Happy on the Inside

For the Jews it was a time of happiness and joy, gladness and honor.

  • Esther 8:16

Remember, O God, that my life is but a breath; my eyes will never see happiness again.

  • Job 7:7

To the person who pleases him, God gives wisdom, knowledge and happiness, but to the sinner he gives the task of gathering and storing up wealth to hand it over to the one who pleases God. This too is meaningless, a chasing after the wind.

  • Ecclesiastes 2:26

“God designed the human machine to run on Himself. He Himself is the fuel our spirits were designed to bum, or the food our spirits were designed to feed on. There is no other. That is why it is just no good asking God to make us happy in our own way without bothering about religion. God cannot give us a happiness and peace apart from Himself, because it is not there. There is no such thing.”

  • C. S. Lewis, Mere Christianity

Looking at the three Scriptures, the Jews were happy due to their circumstances in the Esther quote.  They had good reason to be happy, but they were still in exile.

Job thought he would never see happiness again, also due to his circumstances.  He would be very happy in the future, so, his lament was short sighted.  Then if we had all the troubles he had at that moment, including friends giving him bad advice, we might be a little depressed.

And then, when you see those two Scriptures, we can agree with Solomon.  Chasing after happiness is fleeting.  It is meaningless.

But, that is what eventually led me to God although I was in the church the entire time, getting very little happiness or Joy.

From the time my parents lost the farm until I was a few months beyond my seventeenth birthday, roughly ten years, I read humorous stories and lighthearted adventures.  I watched every variety show that our two and a half channels could provide.  Note: There was one network that only came through on rare occasions.  The weather had to be just right for the signal to bounce off the clouds, or so I was told.  I watched as many sitcoms as possible.  In those days, most of the sitcoms were funny, but the parental role models were beyond reach.  I have never met a true Ward Cleaver.

But then I met other children my age with Joy and I followed them to the Bible teacher’s house on Friday nights.  Yes, we had a Bible teacher in public school.  The course was an elective, but all those kids with Joy attended.  At the Bible teacher’s house, we had punch or juice, and people gave their testimonies.  I had been in church all my life and I never heard a testimony.  And I did not have one.

I said the salvation prayer every Friday at those meetings.  I said the salvation prayer every night before I went to bed.  There were various other events where I said that prayer, but one night, I stared at the ceiling and said, “God, I am not saying that prayer.  I give up!  Do what you want with me, but I can’t take this anymore.”  I thought I heard someone say, “That’s what I’ve been waiting for.”  God transformed me a great deal that night.  For one, I got a great night’s sleep, having been an insomniac, and still on occasion.  But then, as I read the Bible, the passages that I had just read the night before had a totally different meaning.  I almost missed the bus that morning.  I read a passage and then said, “So, that’s what that passage means.”

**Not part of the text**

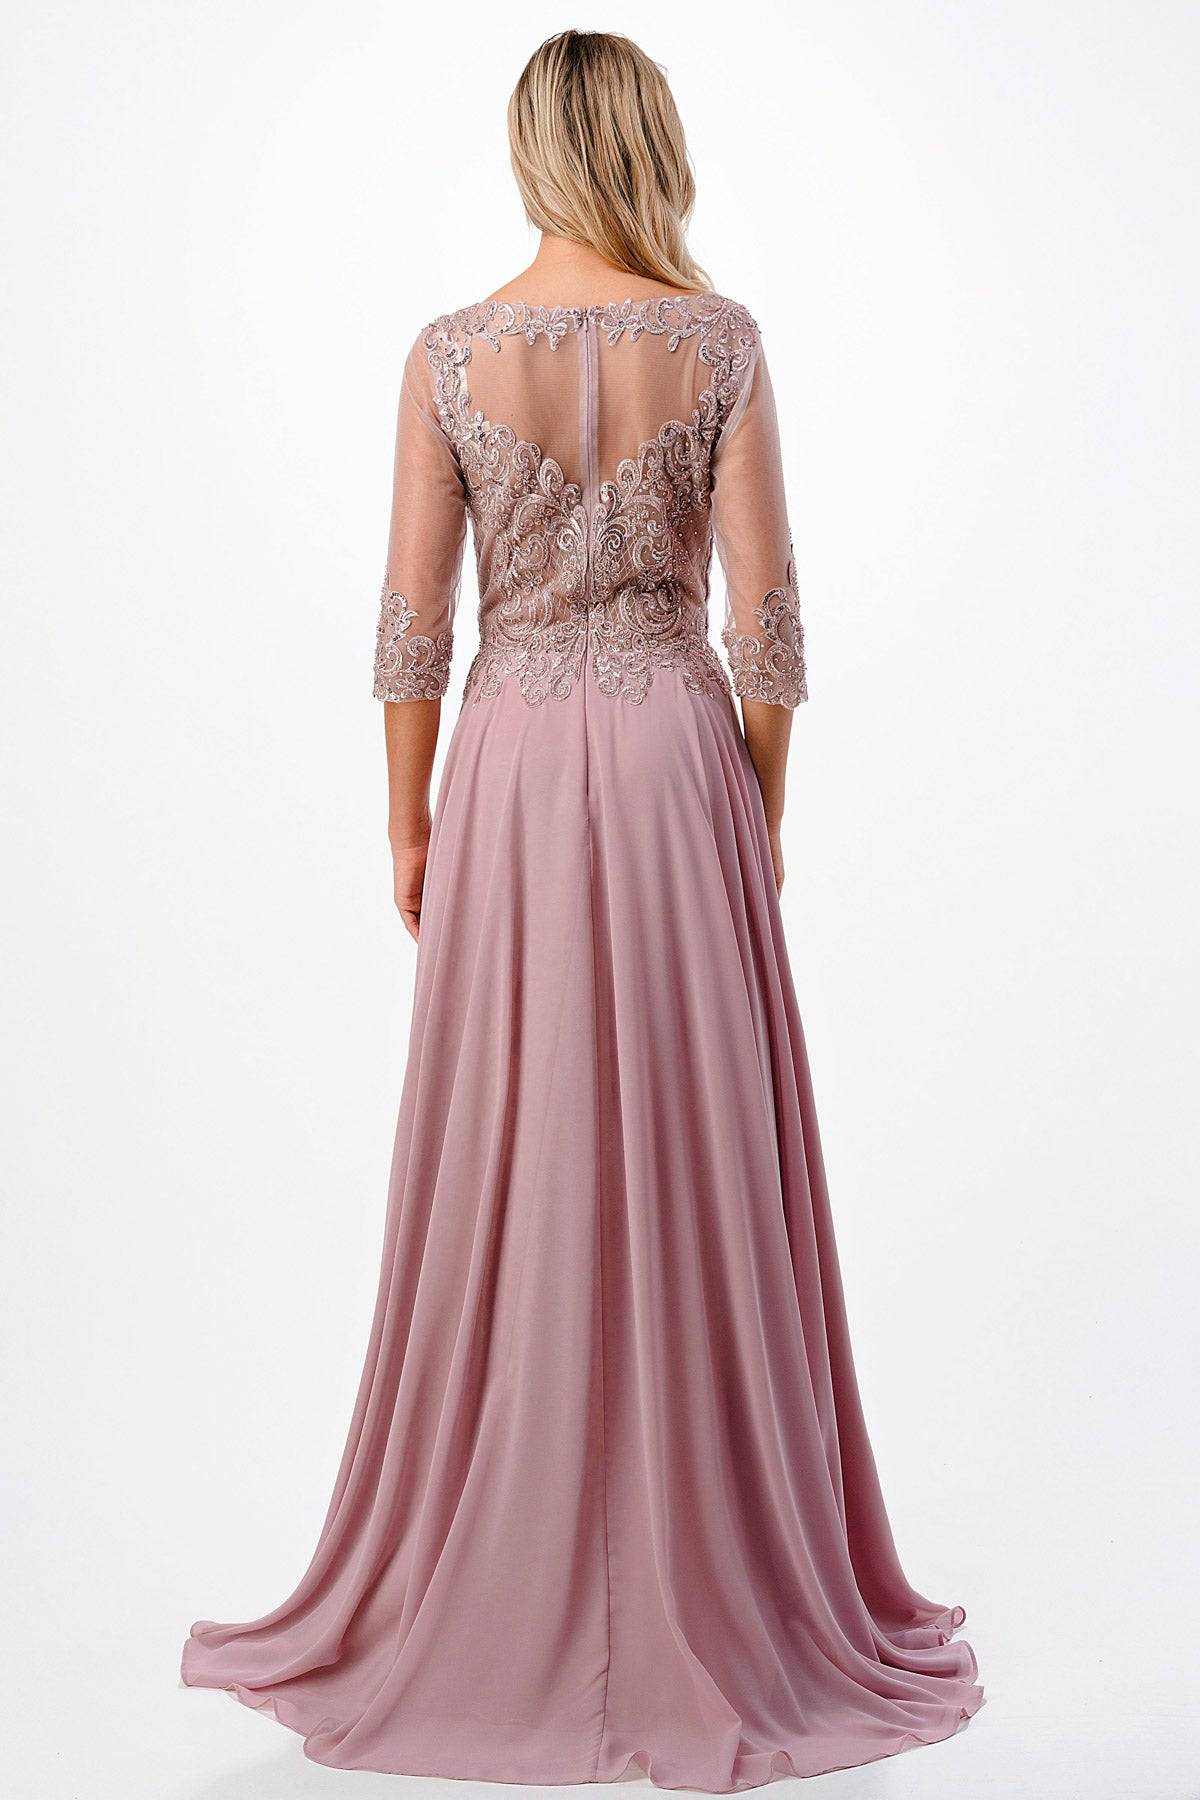 Aspeed M2722 Half Sleeve Lace & Sequin Chiffon Dress - NORMA REED

I found my inner Joy and that makes the circumstantial happiness have an extra zing to it.

I do not know if I completely agree with C. S. Lewis though.  Momentary happiness can be found, but sometimes the low afterwards is even worse because you remember the happy moment.  So, lasting happiness without God is virtually impossible and you would wear yourself out trying to build one momentary happy moment on top of the old one, with diminishing results each time.  And Lewis uses the word religion where I would replace that with a relationship with Jesus Christ.  I am getting totally fed up with religion.  Yes, I am an elder in the church but not on the ruling board.  That is virtue of the deal regarding – once an elder, always an elder.  And I teach a Sunday school class.  But I say what is on my heart whether that jives with church politics or not.  And I have ruffled feathers as a result.

But even with the constant Joy of God in my heart, I still enjoy watching old reruns of Rowan and Martin’s Laugh In.  Watching them for the first time, my mother laughed for the first time after we lost the farm.  She was always stoic, good times and bad.  If she could not handle the bad, she hid in her bedroom to cry.  No one was allowed to see her shifts in emotion.

I could never live like that.  She thought I was weird, not really liking me in the first place, but hating me having all the emotions and showing them.

But over the years, I have noticed so many of those funny people on television who made me laugh.  Their personal lives were tragic.  Many of them had tragic ends to their lives.  So much fun on the outside, but a lack of Joy on the inside.

I love the days when the outside matches the inside.  But I always have Joy.  God never leaves me.  With the source of Joy right there, how could I ever lose that?

Here is Simon and Garfunkel singing Feeling Groovy.  They are joined by the Smothers Brothers near the end.  This is a song that brightened my day whenever I heard it or sung it.  But the question is, why do we feel groovy?

It’s great when you feel groovy because you have Joy on the inside that does not change regardless of the circumstances.

Soli Deo Gloria.  Only to God be the Glory.